Local synthesis of complement components within the kidney after I/R. The outer medulla was dissected out from unmanipulated kidneys and kidneys subjected to ischemia and variable times of reperfusion. mRNA was isolated from these samples, and quantitative real-time PCR was performed to assess changes in the local synthesis of the complement components C3 (A), factor B (fB, B), or factor H (fH, C) after I/R. These components were expressed at low levels within unmanipulated kidneys. A trend toward increased C3 was seen after 24 hours but did not reach statistical significance.

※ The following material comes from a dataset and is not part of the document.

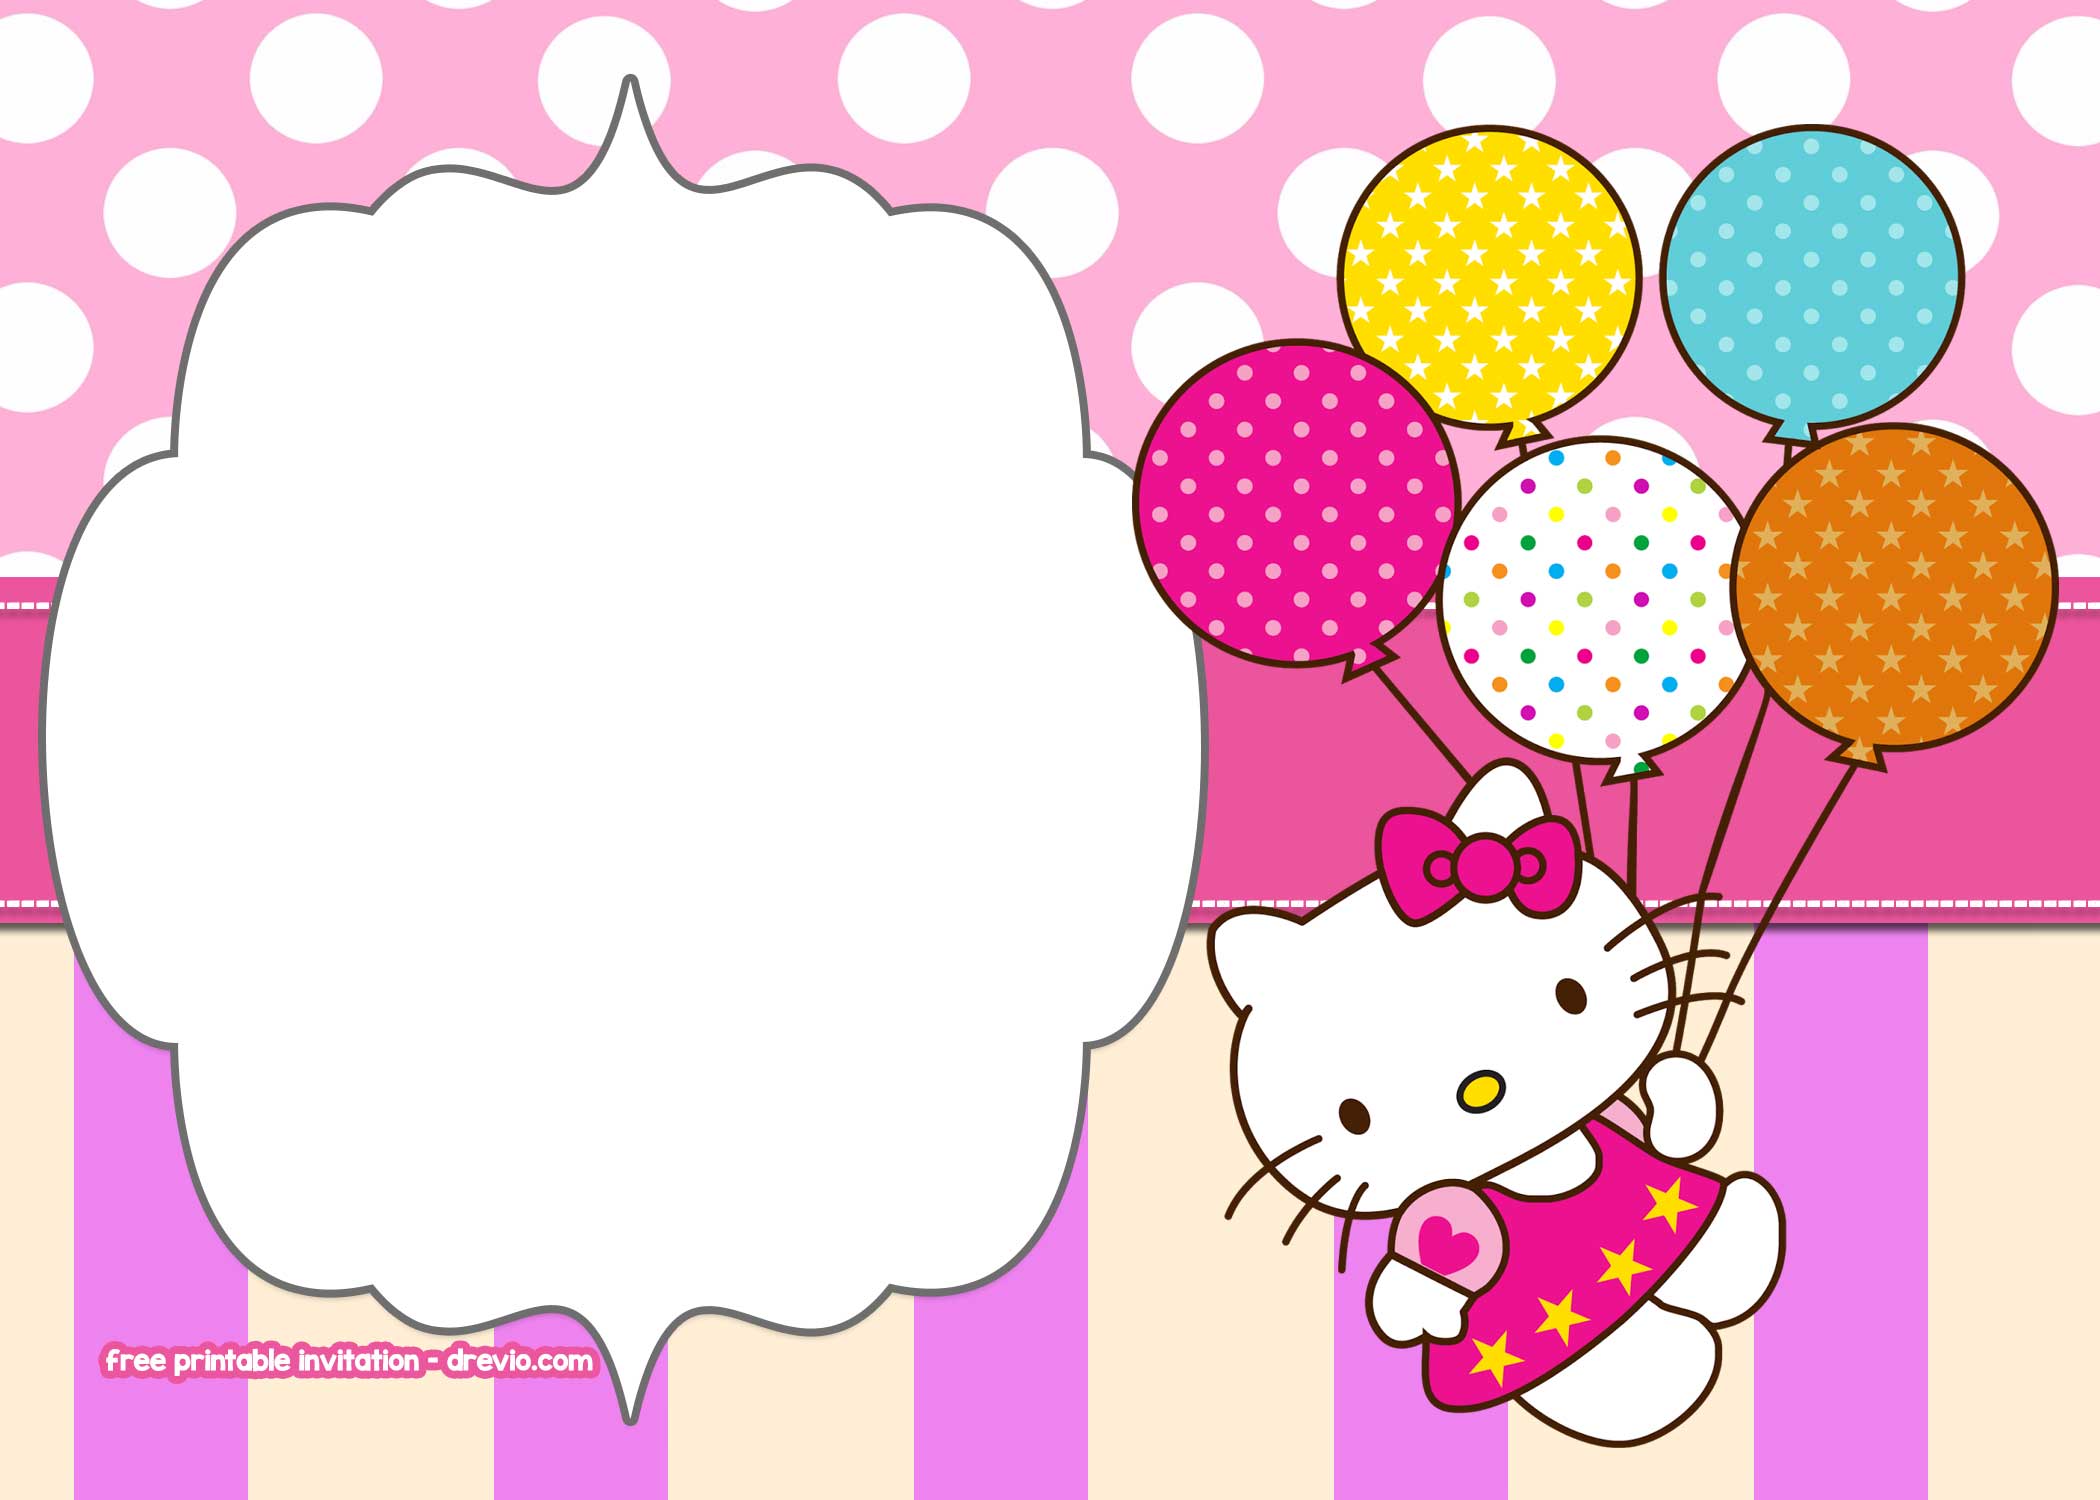 hello-kitty-birthday-background-sale-online-save-57-jlcatj-gob-mx

Significant decreases in factor H synthesis were observed after 2 and 24 hours of reperfusion (**P < 0.01 versus sham treatment). (D and E) In situ hybridization for C3 demonstrated that C3 mRNA (arrows) was detectable in the outer medulla of sham-treated animals (D), but levels were much higher after ischemia and 24 hours of reperfusion (E). Hybridization of sham (not shown) and postischemic (F) kidneys with a sense probe for C3 were performed as negative controls. In situ hybridization was performed on 4 animals per group, and representative images are shown.